Райский остановился, остановил Аянова, ядовито улыбнулся и спросил: «Какое дело, скажи, пожалуйста: это любопытно!»
— Как какое? Служи.
— Разве это дело? Укажи ты мне в службе, за немногими исключениями, дело, без которого бы нельзя было обойтись?
Аянов засвистал от удивления.
— Вот тебе раз! — сказал он и поглядел около себя. — Да вот! — Он указал на полицейского чиновника, который упорно глядел в одну сторону.

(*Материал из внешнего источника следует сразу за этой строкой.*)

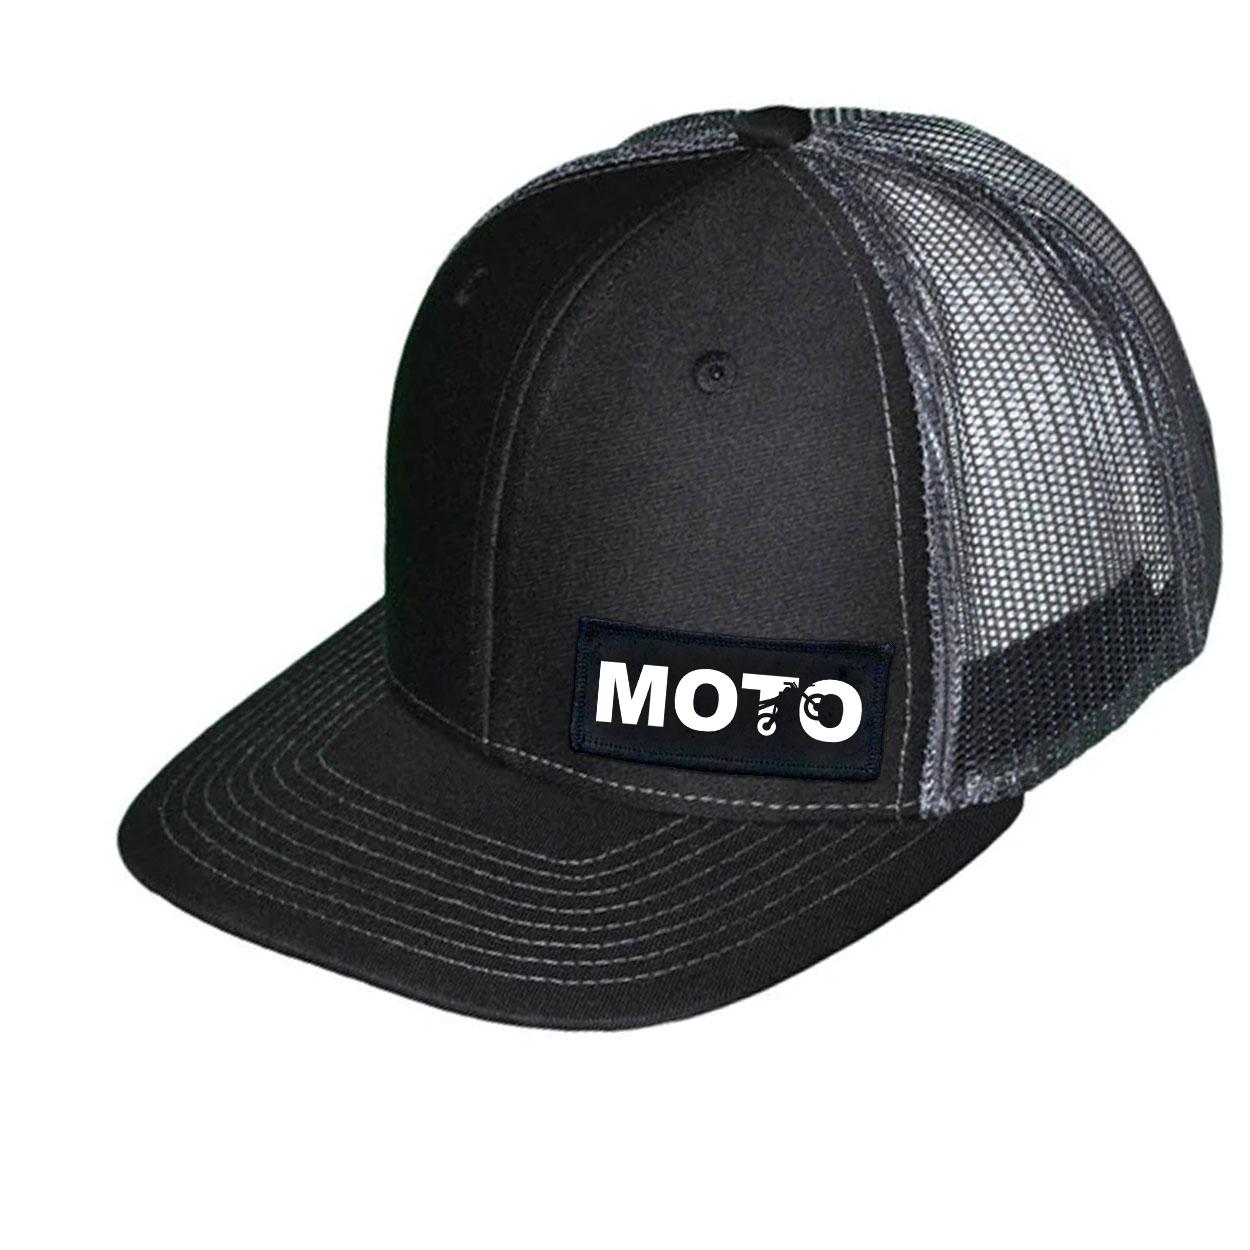 Moto Wheelie Logo Night Out Woven Patch Snapback Trucker Hat Black/Dark Gray (White Logo)

— А спроси его, — сказал Райский, — зачем он тут стоит и кого так пристально высматривает и выжидает? Генерала! А нас с тобой не видит, так что любой прохожий может вытащить у нас платок из кармана. Ужели ты считал делом твои бумаги? Не будем распространяться об этом, а скажу тебе, что я, право, больше делаю, когда мажу свои картины, бренчу на рояле и даже когда поклоняюсь красоте…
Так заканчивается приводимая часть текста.